9 life lessons to learn from playing Mafia II

1. No one cares if you run the red lights. The police only take notice if you crash someone as you do so. The most you will have to fear are scathing comments from your own passengers, if you happen to have them.
2. You travel a lot faster if you bypass traffic jams by ditching your car and stealing another one as soon as you’ve run past the jam. Works also at those traffic lights where there’s no room to drive by the other cars.
3. Your outfits get cleaned up auto-magically if you put them in your wardrobe and take them out again. Also lost pieces of that outfit, like hats, reappear as if out of thin air by using this same method.
4. The attention span of the police is very short; if you manage to hide for a minute or two, they will give up and go away.
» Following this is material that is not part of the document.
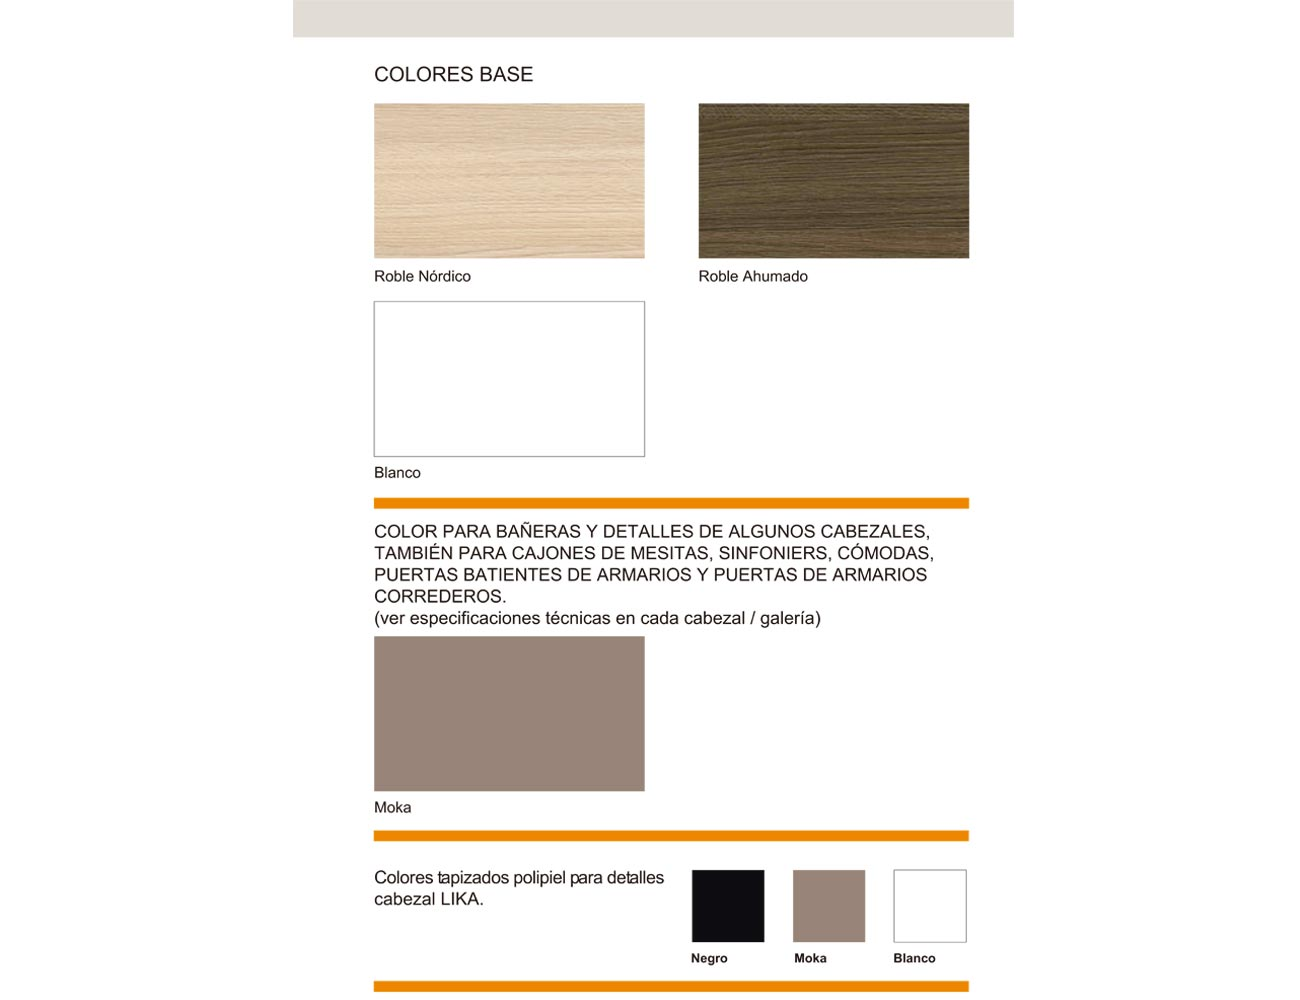 Colores251

Similarly they'd need extra lessons in fugitive-recognition – a simple change of suit is enough to fool them. And it is enough for one of the party members to change their suit. The biggest problem that real-life crime gangs must have is to figure out which one of them is the one who needs to change their clothes after each robbery or heist...
5. The invisible maintenance crew is very efficient. No matter how much destruction you lay about, it will be magically fixed by the time you return to the scene from the next block over (or so). Wouldn't it be great if this was true also in real life? Especially in homes with 2-year-olds running about...
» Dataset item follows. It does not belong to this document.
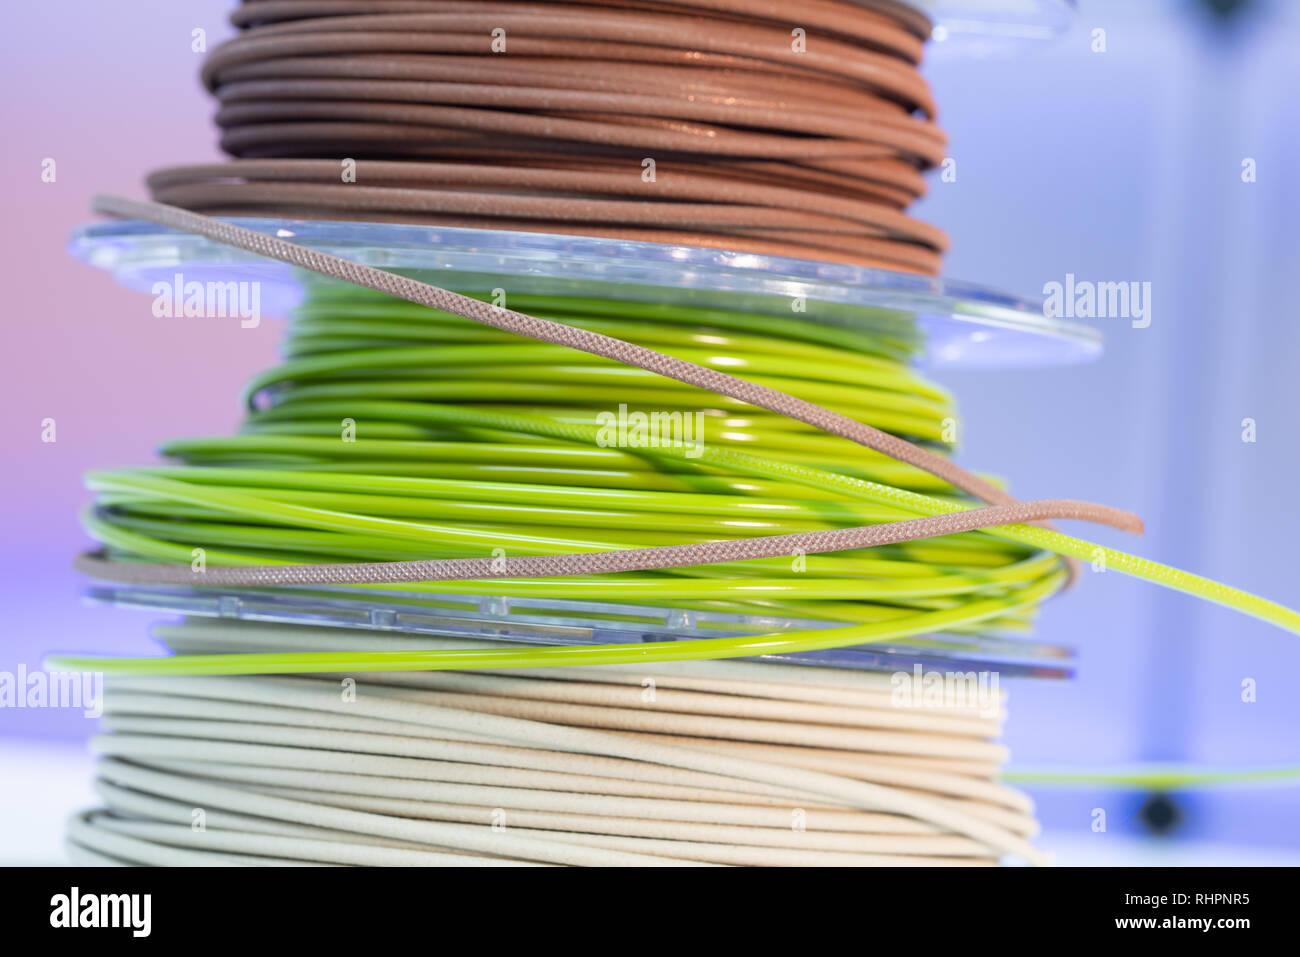 Spools of plastic PETG filaments for 3D Printer - Stock Image

6. If you need transport, there's never a taxi available (unless you hijack it) and buses only fit one person (even if you hijack it). Yup, you read that right: only one person per bus. Remember that the next time you wait at a bus stop.
7. Mafiosi don't steal clothes. If the clothing store clerk happens to die in a firefight, a mafioso will look for another store to buy clothes from instead of robbing one from the stand. There are limits to the crimes mafiosi are willing to commit. Unfortunately, this doesn't make the life of a clothes store clerk any safer.
8. Your friends really like you to drive their cars for them. Even if you've wrecked the previous four cars that they gave you to drive, they are still enthusiastic for more. This is one lesson that I'm very enthusiastic about transferring to real life!
9. Life kicks you in the head. Repeatedly. Every time you think things are starting to look good, Life comes back with a roundhouse and drops you on your knees again. This lesson may not be as funny as the rest of them, but it may also have the unfortunate edge of being the easiest to transfer to real life.